# Comparing posterior predictive errors across samples

Hello!
Like many of the questions here, mine is half conceptual and half technical. For my research, I have 4 datasets from 4 countries estimated a Bayesian Beta Regression Model. I am not interested in estimating the ‘best’ model, rather I want to compare the model performance (with a consistent set of variables), between the different countries (hence no Hierarchical regression model). Comparing AIC/WAIC etc. is not possible across datasets, thus I have taken the median posterior estimation, subtracted the observed value to get the mean absolute error of each model.

My 2 questions are:

1. Is using ‘pm.sample_posterior_predictive’ to calculate the MAE and then compare across datasets (with diff N) appropriate?

2. Is the MAE of how well a model predicts its own data be indicative of how well the variables to the model were selected?

This is my first post so if you would like/need more information please do not hesitate to reach out!
Thank you!

Below is the code I use for one of the four countries (The United States)

Here I get the predicted values:

with h1_model: #the previously estimated Bayesian Beta Regression Model
ppc1 = pm.sample_posterior_predictive(
trace_USA, var_names=[‘y’], random_seed=RSEED)

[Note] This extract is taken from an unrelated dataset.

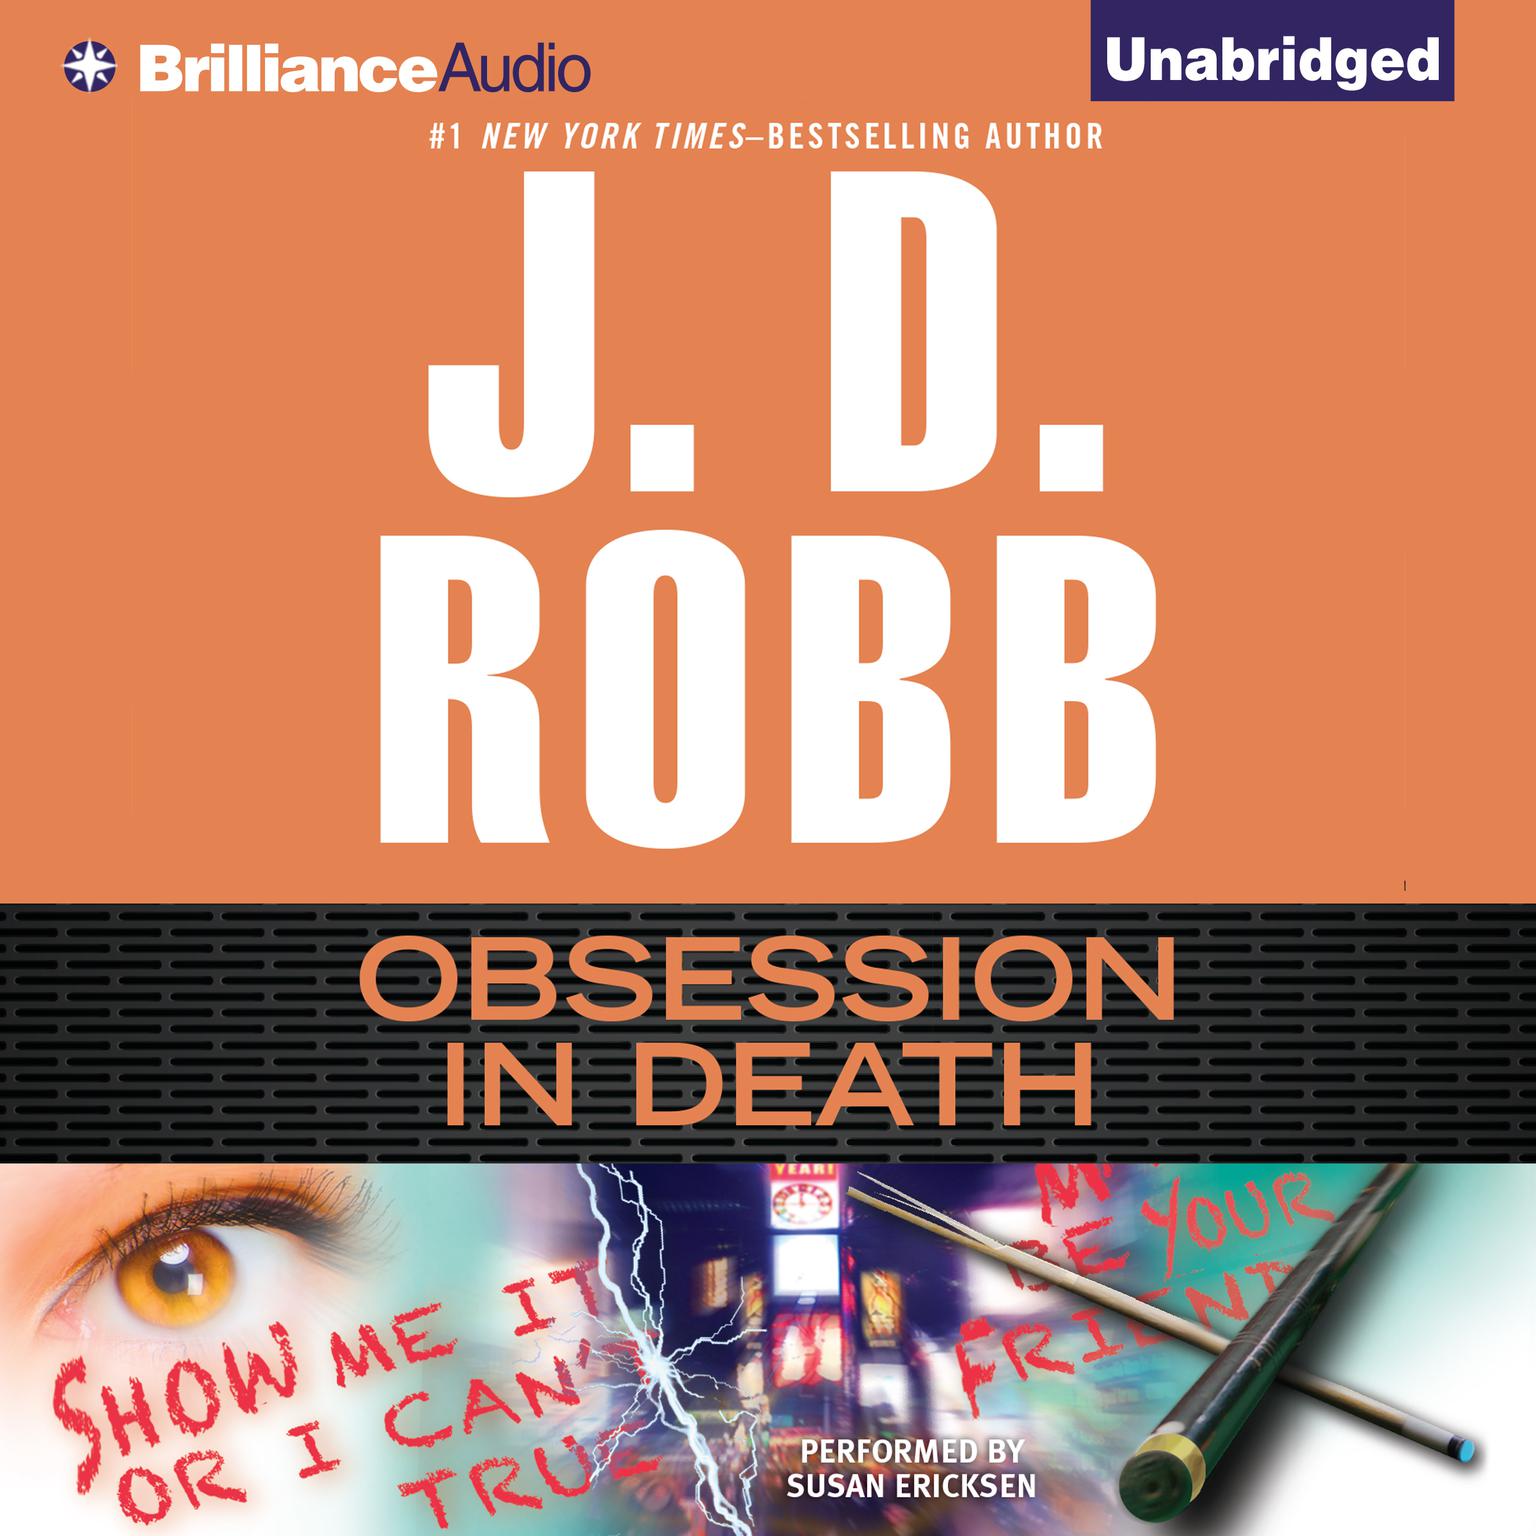 Obsession in Death Audiobook, by J. D. Robb

Because there is 1 predicted ‘y’ value per trace I take the median

USA_pred_list = []
for i in range(len(USA)):
USA_pred_list.append(np.median(ppc1[‘y’][:,i]))

And here, in subtracting the median prediction from the observed ‘y’ value and taking the mean, I calculate the mean absolute error.

USA_act_list = list(USA[‘soc_preport_adj’]) #the observed y variable
USA_list = []
for i in range(len(USA)):
temp = USA_pred_list[i] - USA_act_list[i]
USA_list.append(temp)
USA_list = [abs(ele) for ele in USA_list]
np.mean(USA_list)